# Catfish rigs?



## skiff89_jr

I was getting the rods out prepping them for the tournament this weekend and was wondering what everyone was using for big cats and flatheads. I had to convert some poles that i was using for other stuff to handle catfish. So this is what I'm using. From left to right.

1. Abu Garcia Ambassador 6000 with 50# mono with med/heavy rod
2. Zebco spinning reel with 50# power pro and ugly stick
3. Abu Garcia Blackmax with 30# mono with ugly stick
4. Shimano baitrunner with 30# mono and custom rod *favorite
5. Penn 6/0 with 50# mono and rod with roller tip *little too heavy, but you can pull up a log with it 
6. Penn GT???i with 50# mono *favorite


----------



## drifterfisher

I have a ? how do you cast those non spinning reels? I have 2 ambassador 5000 that are great drop rigs but thats all I can do with them.I have come to love the Optix reels,very cheap but built very well.I use them over a Shimano Sahara that I have.


----------



## CatHunter

Damn looks like I'm going to have to work this weekend, figures! I have been of work now for 3 weeks and of course tournament weekend Ill have to work, sucks .


----------



## jcoss15

nice rigs...i use a ambassador 6000 with 30lb big game and a 7ft. rod and a mitchell spinning reel with 20lb suffix on a 61/2ft rod have'nt had one break me off yet but I also have not landed one over 20lbs with rod and reel. So until one breaks me off I'm gonna stick with those...a as far as casting goes my ambassador with a 2oz sinker will cast a country mile if i need it too.


----------



## skiff89_jr

drifterfisher said:


> I have a ? how do you cast those non spinning reels?


They will all cast except for the penn 6/0. I don't really do a lot of casting long distances though;however, a 8oz weight and a bream doesn't take much to go the distance. :thumbsup:


----------



## skiff89_jr

CatHunter said:


> Damn looks like I'm going to have to work this weekend, figures! I have been of work now for 3 weeks and of course tournament weekend Ill have to work, sucks .

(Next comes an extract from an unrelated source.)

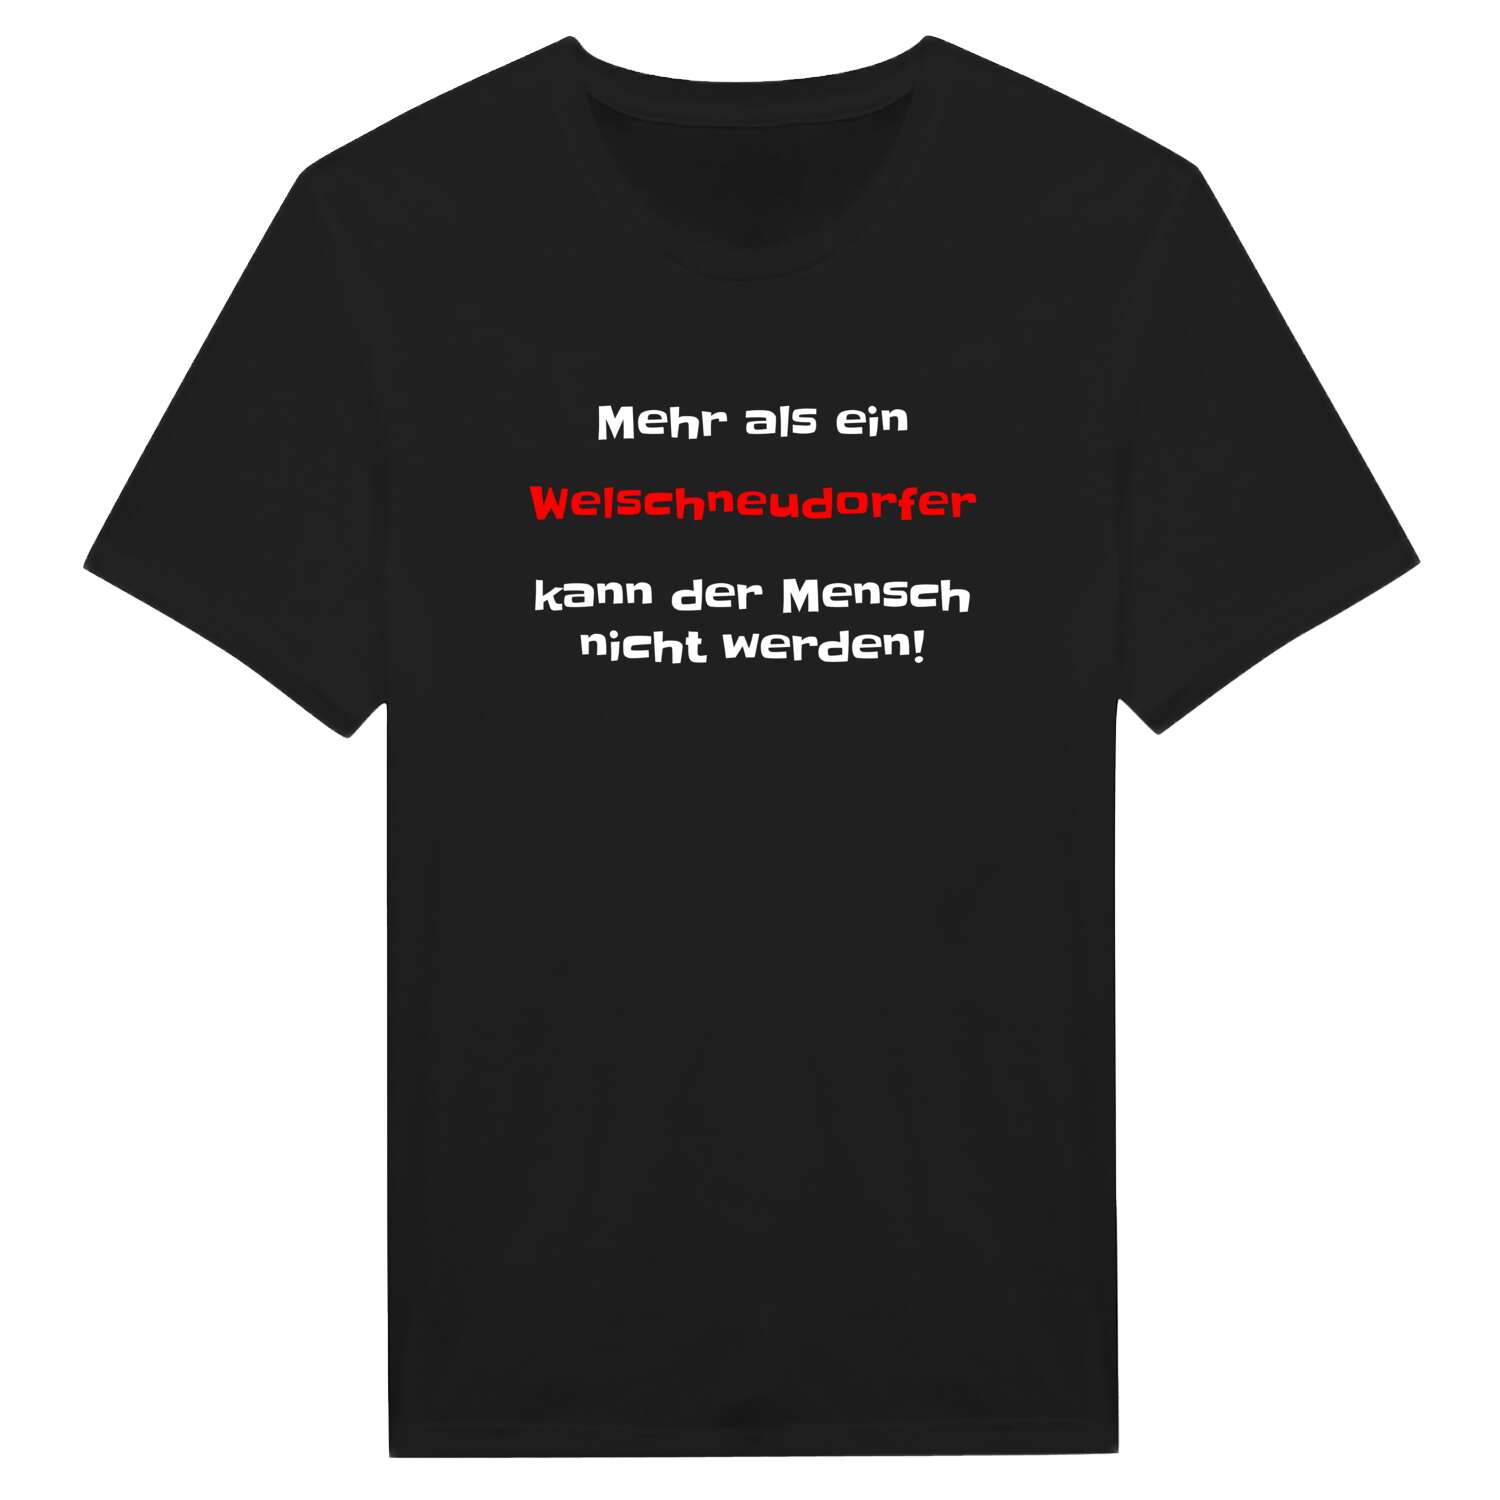 Welschneudorf T-Shirt »Mehr als ein«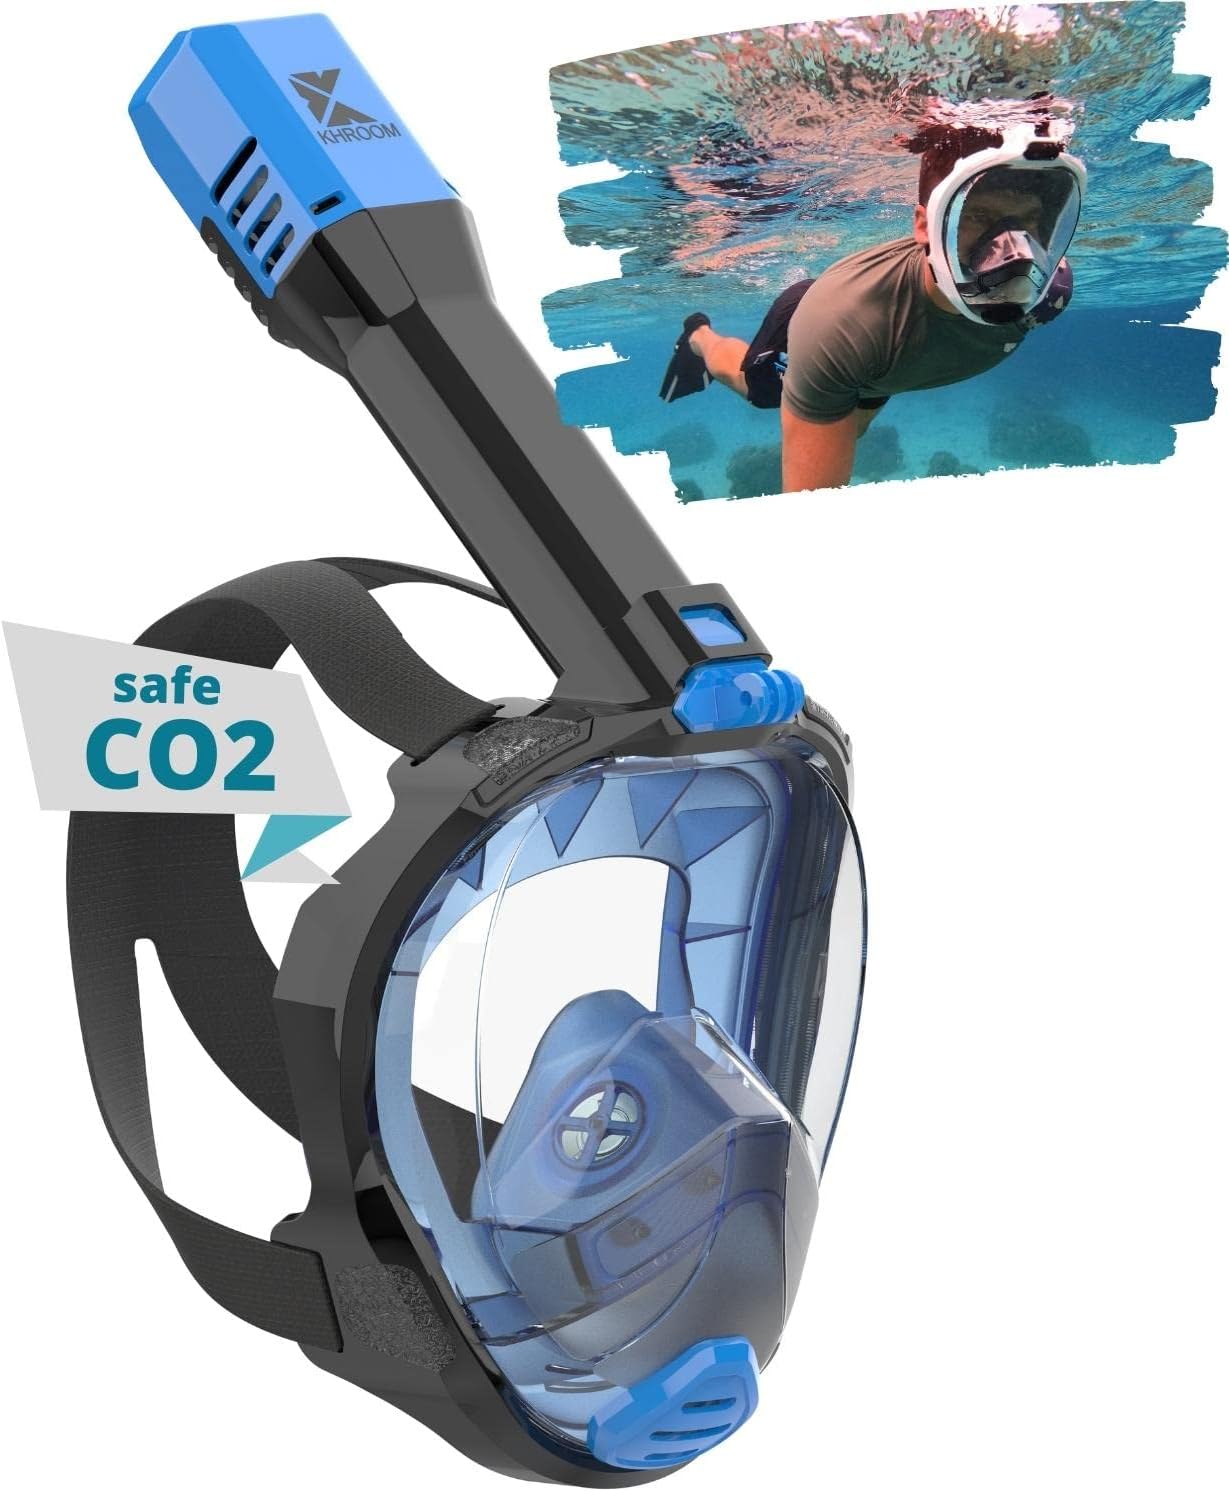 Khroom® Masque de Plongée Intégral Seaview Pro | Notre Meilleur Masque de plongée | Garanti sans Risque de CO2 résiduel | pour Adultes et Enfants | Masque Plongée - fitnessterapy

Dang man that sucks. I was looking forward to talking a little with you. Maybe now i'll have a chance at the money :shifty:


----------



## CatHunter

Locked and loaded










If you want a shot at some real money you should come to the 
King Kat tournament at Selma, AL in June


----------



## skiff89_jr

Nice, I see some ugly sticks. What kinda reels are those? Yeah i'd like to go to one of those king kat tournaments, but it's a little too far for me right now. Fishing the florida catfish trail is about all i can afford right now since i'm still in high school.


----------



## CatHunter

skiff89_jr said:


> Nice, I see some ugly sticks. What kinda reels are those? Yeah i'd like to go to one of those king kat tournaments, but it's a little too far for me right now. Fishing the florida catfish trail is about all i can afford right now since i'm still in high school.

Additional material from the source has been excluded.